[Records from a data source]
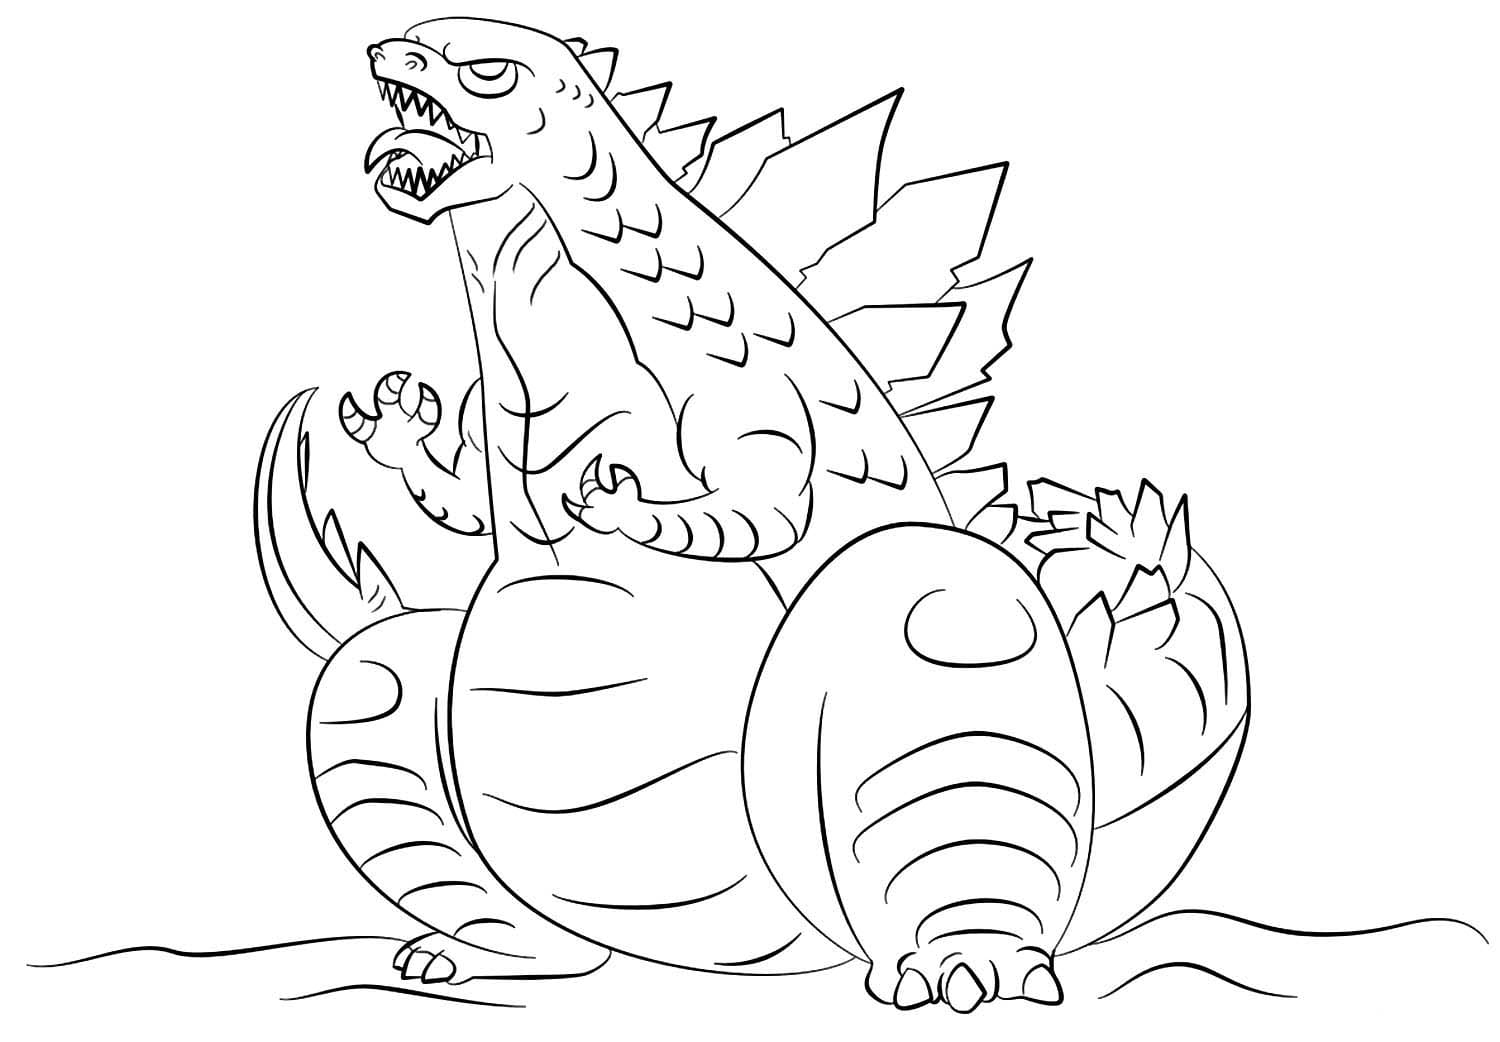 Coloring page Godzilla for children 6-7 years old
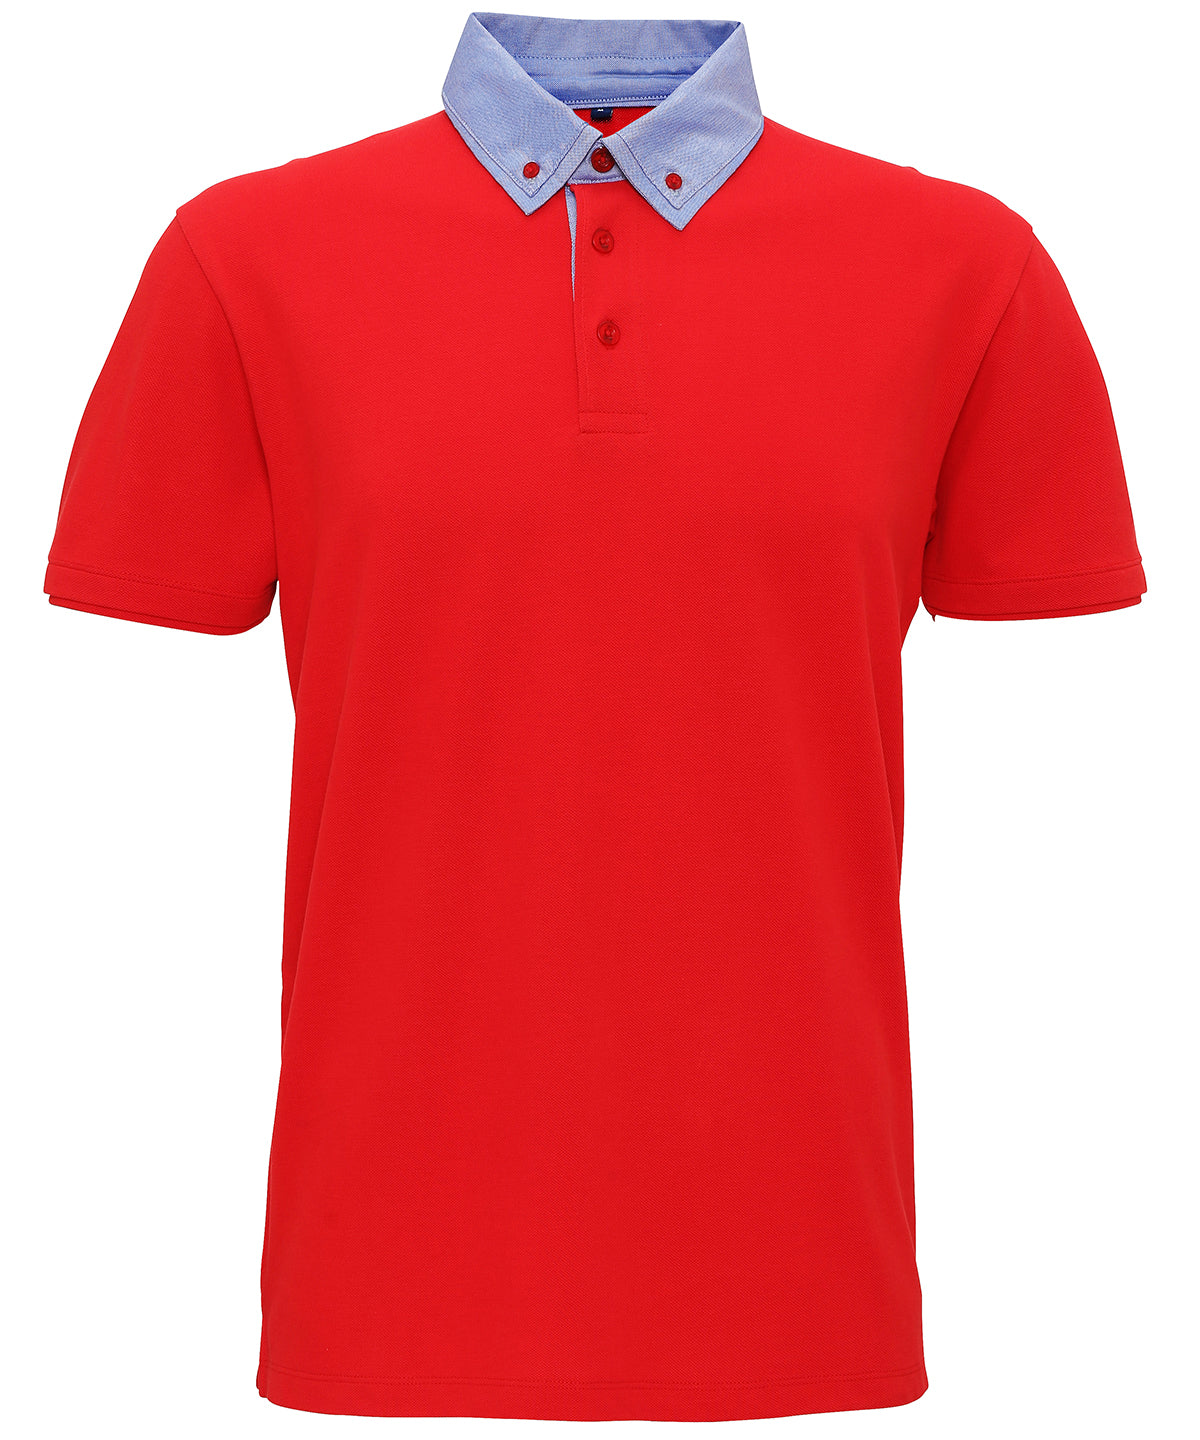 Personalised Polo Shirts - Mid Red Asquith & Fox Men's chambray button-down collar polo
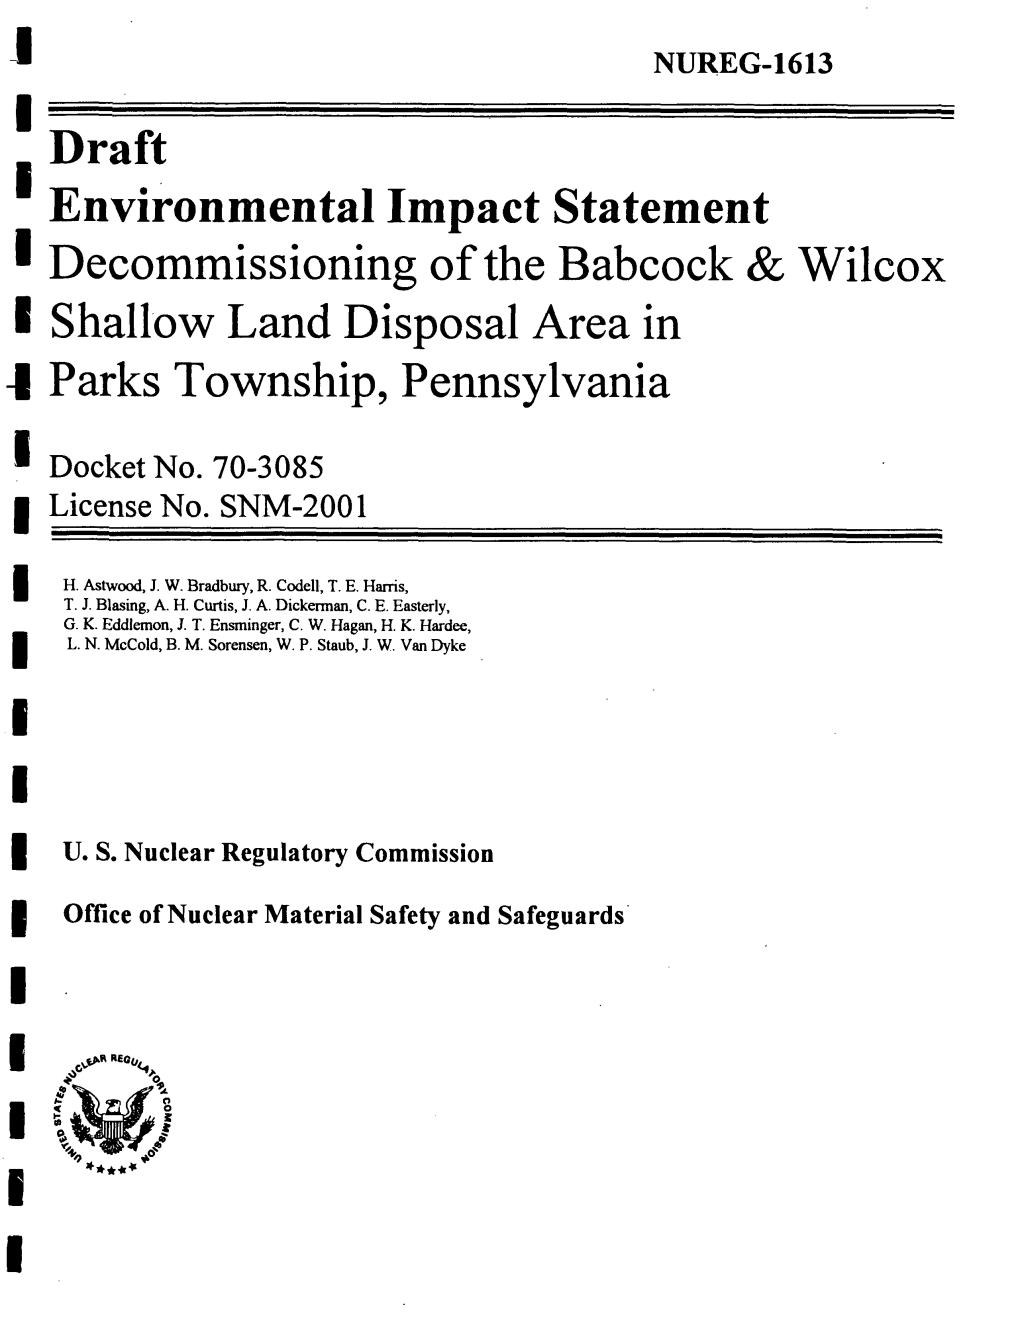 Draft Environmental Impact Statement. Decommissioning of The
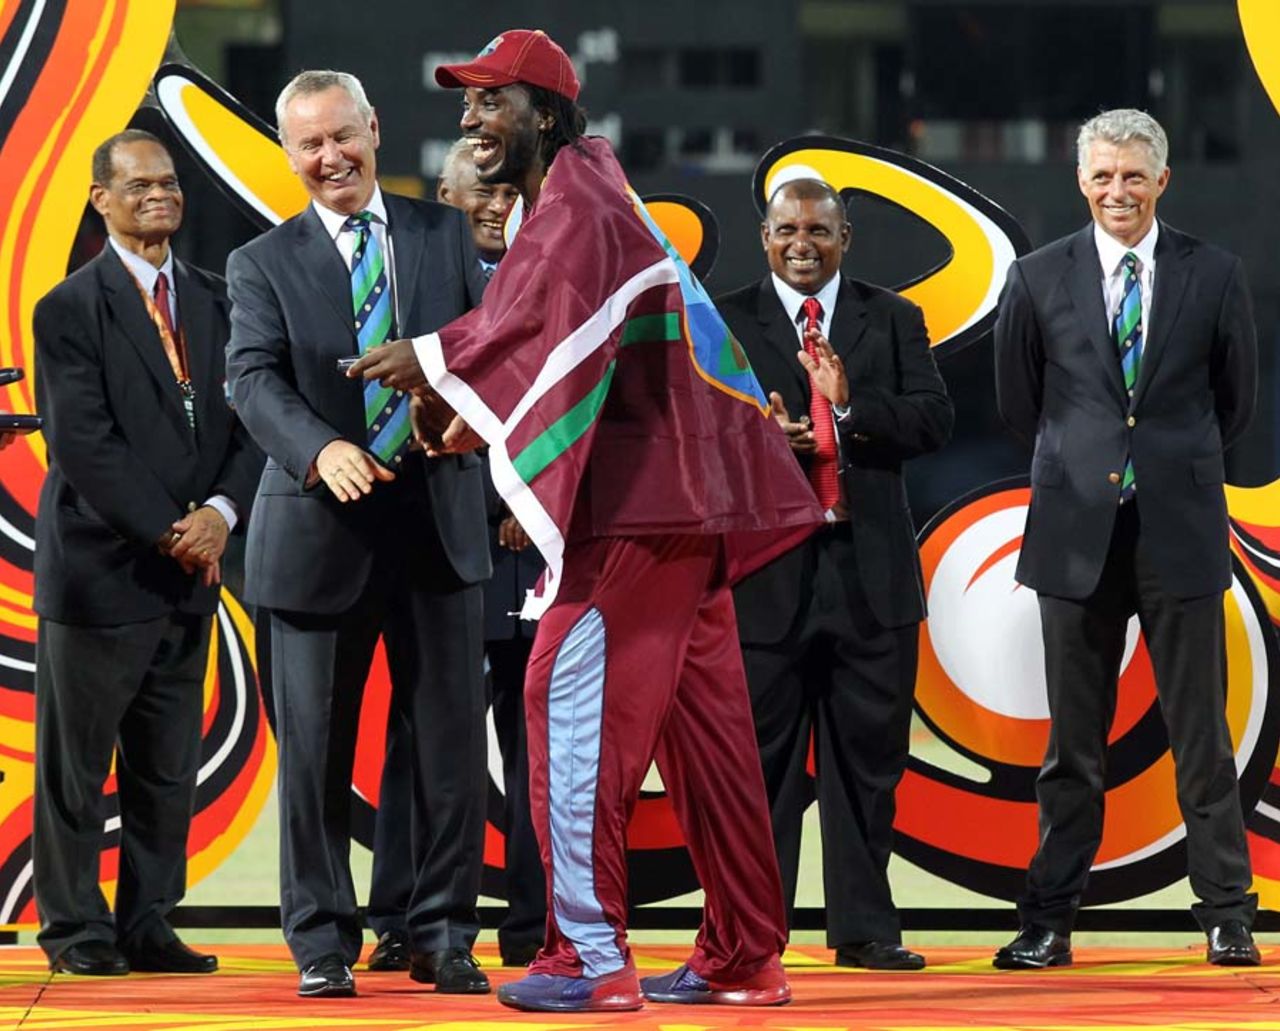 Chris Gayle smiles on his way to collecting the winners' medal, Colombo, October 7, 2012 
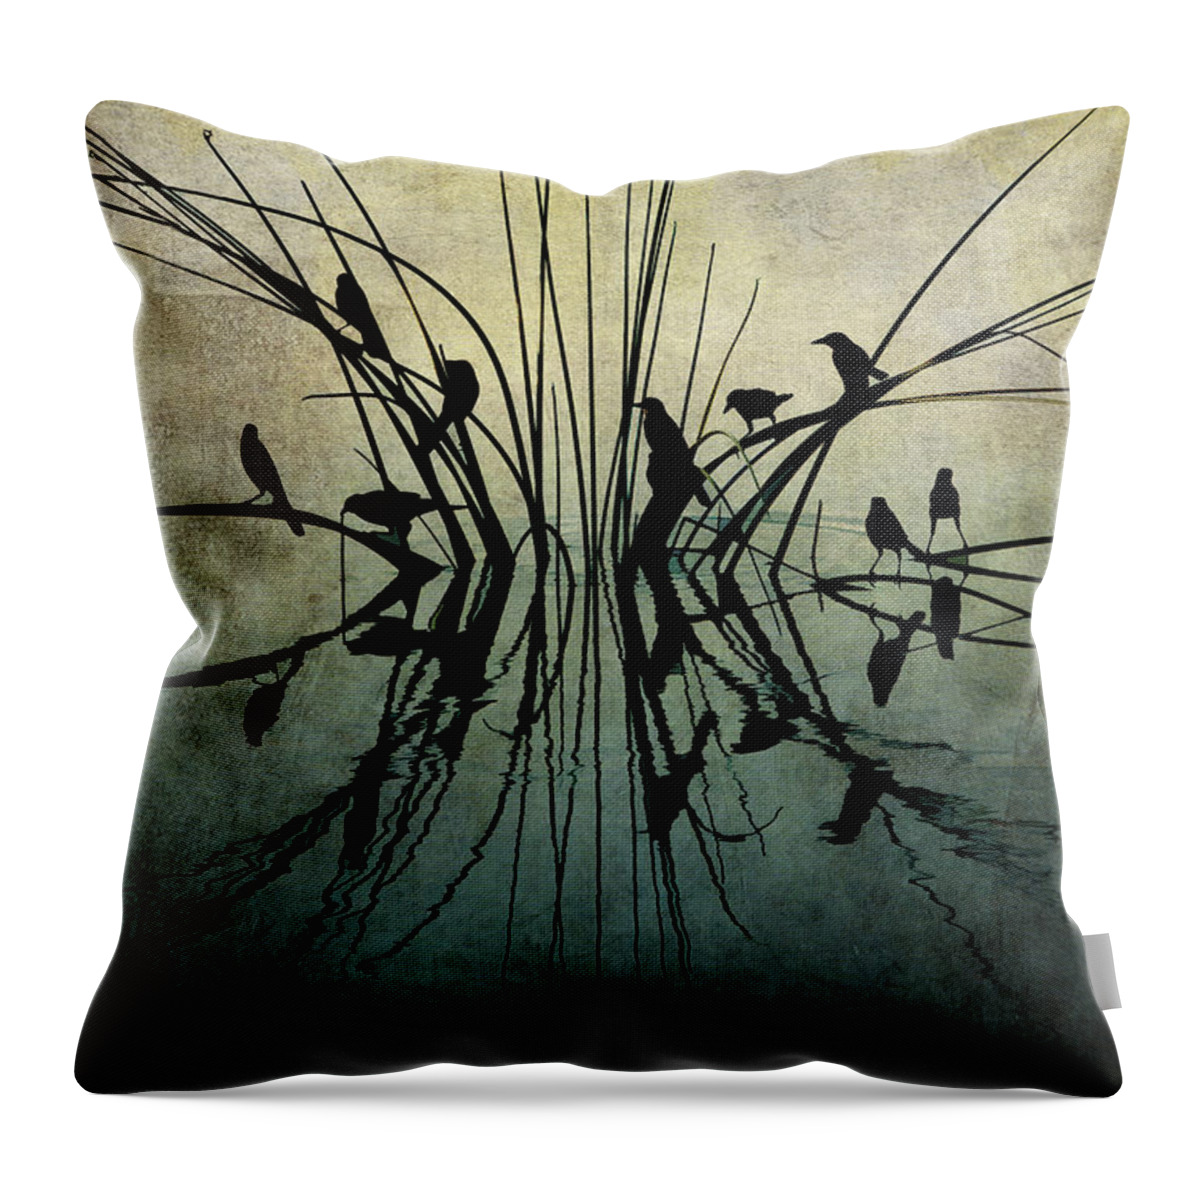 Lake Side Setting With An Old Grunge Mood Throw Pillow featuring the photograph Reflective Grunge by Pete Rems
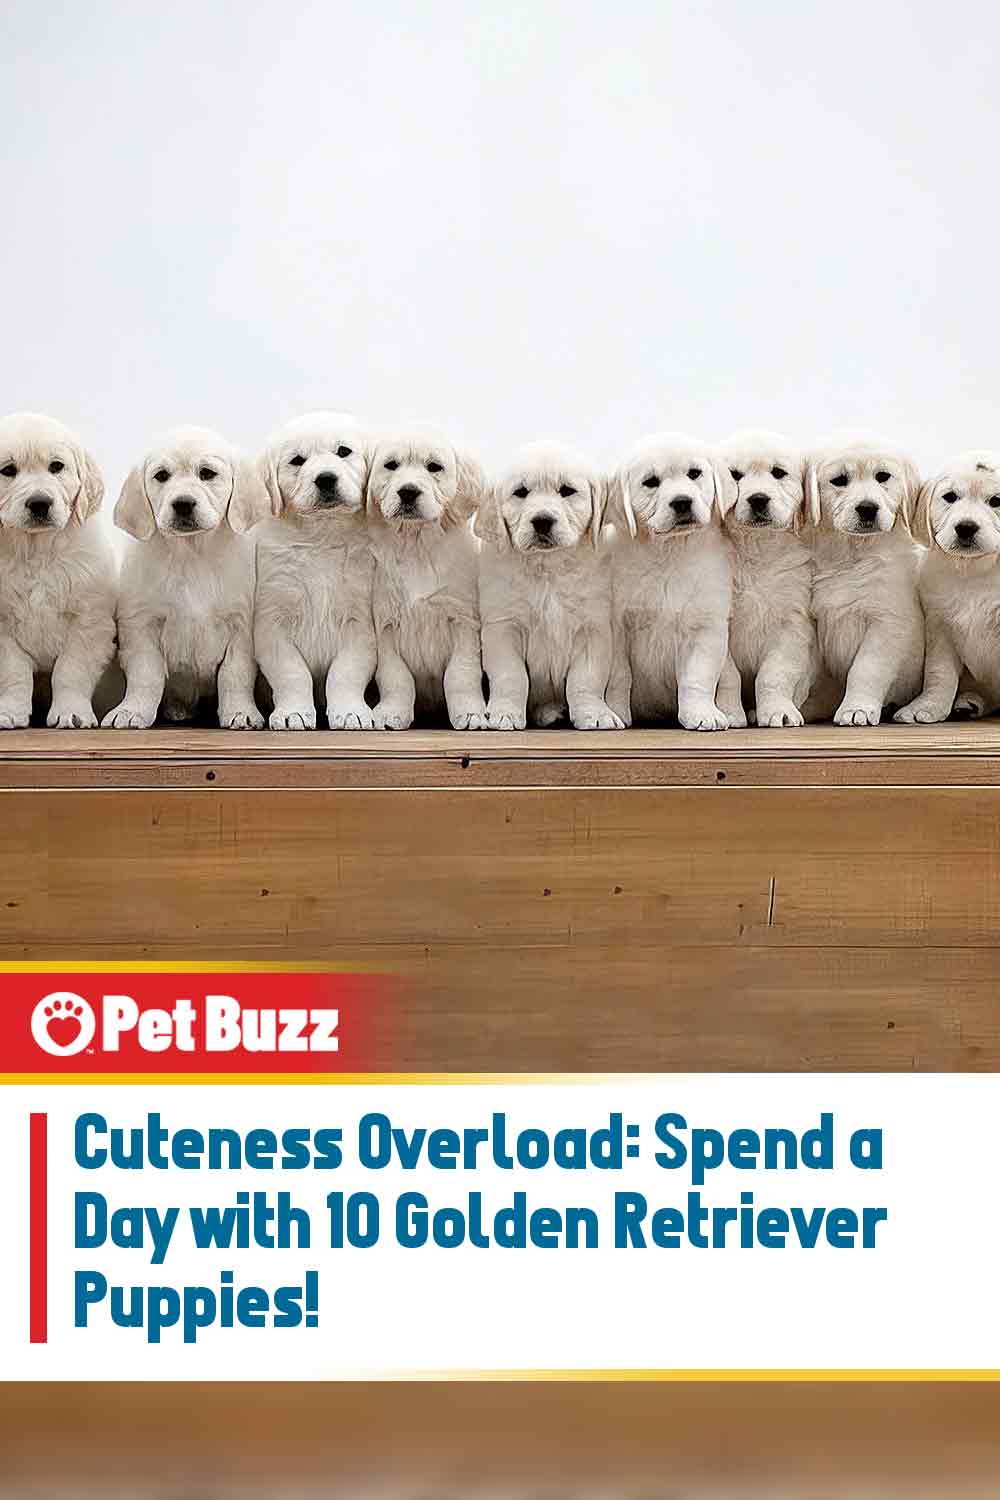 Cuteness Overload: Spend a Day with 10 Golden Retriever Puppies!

■ YOUR OBJECTIVE:
The records above must be copied exactly, with no pictures carried over.

■ FINISHED EXERCISE:
 Coloring page Godzilla for children 6-7 years old
 Personalised Polo Shirts - Mid Red Asquith & Fox Men's chambray button-down collar polo
 Draft Environmental Impact Statement. Decommissioning of The
 Chris Gayle smiles on his way to collecting the winners' medal, Colombo, October 7, 2012 
 Lake Side Setting With An Old Grunge Mood Throw Pillow featuring the photograph Reflective Grunge by Pete Rems
 Cuteness Overload: Spend a Day with 10 Golden Retriever Puppies!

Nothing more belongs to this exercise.